Perversely, it wasn’t till Joan had already begun to show signs of disillusioned withdrawal that slow-coach Augustine had even begun to find her desirable. Now he most certainly did: he was well aware that his feelings towards this friend of his had lately been changing fast, and might soon be beyond control if they weren’t already so. But Augustine also was feeling torn in two this afternoon; and that had been Ludo’s doing, for Ludo’s harping on Germans all morning had conjured up Mitzi’s ghost.... However much he might long for Joan, how could he ever marry her knowing he’d never love anyone quite like Mitzi again if he lived to a hundred? No wonder Augustine was torn two ways, for imagine Joan in a Newton whose mistress he once had expected Mitzi to be: with the ghost of Mitzi blindly feeling its way room-by-room to wherever they were—creeping between them in bed.... Yet the thought of renouncing Joan was a terrible thing to face; and in fact (he asked himself) decently could he, still? Or had he gone so far that Joan by now had the right to expect him to speak? If only he’d time to think all this out.... With his eye he measured the distance ahead: to the Rectory gate was some three hundred yards, if their silence could last that far.

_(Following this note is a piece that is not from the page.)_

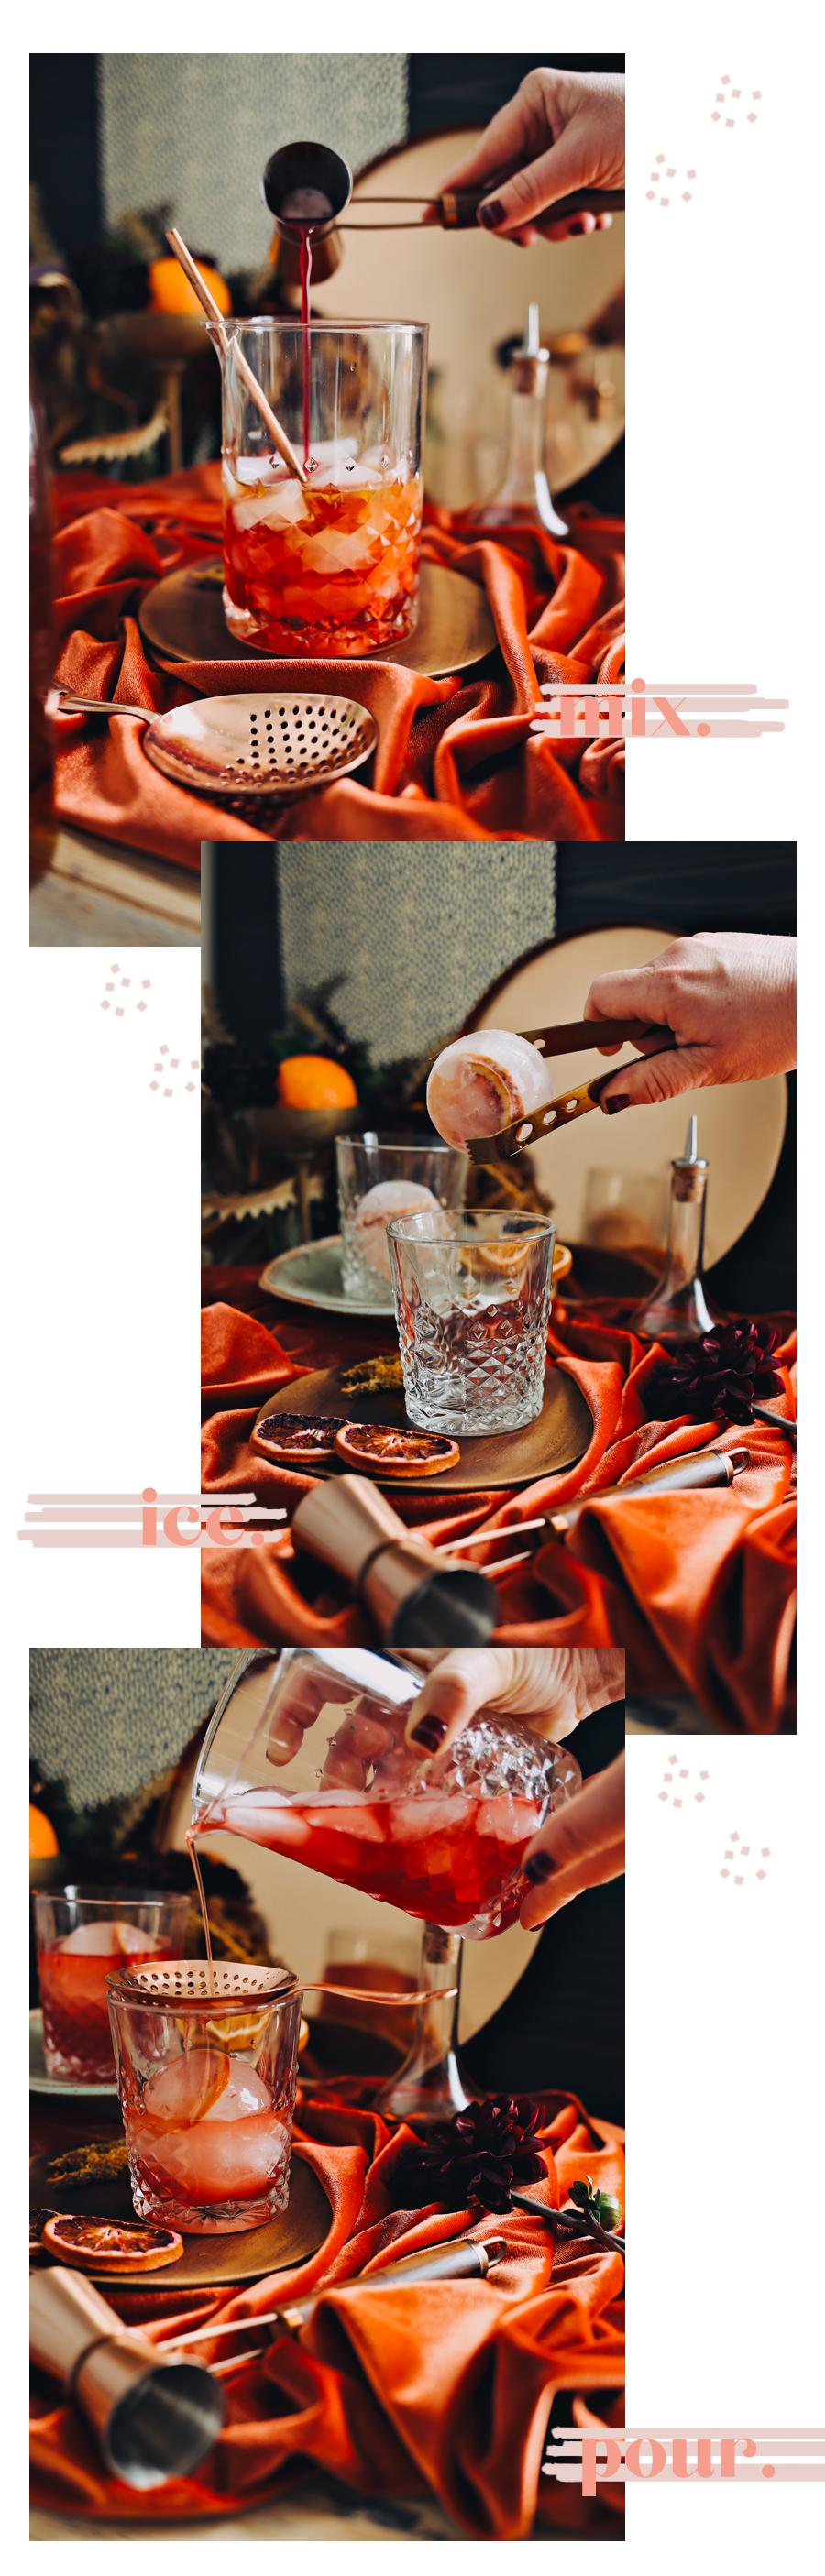 02_Smoked-Blood-Orange-Boulevardier-Dine-X-Design.jpg

When they got to the gate at last Joan seemed to expect him to follow her in, but dumbly he shook his head. “You never know when you’re lucky” the gate he was holding open seemed to creak: which made him look at its well-worn paint in surprise, for when had he heard those words before? Then he had a sudden inspiration: “You heard what Ludo said—about Morocco, I mean.” He paused, with averted face. “I’m going back to the house to see if he’ll really take me too.”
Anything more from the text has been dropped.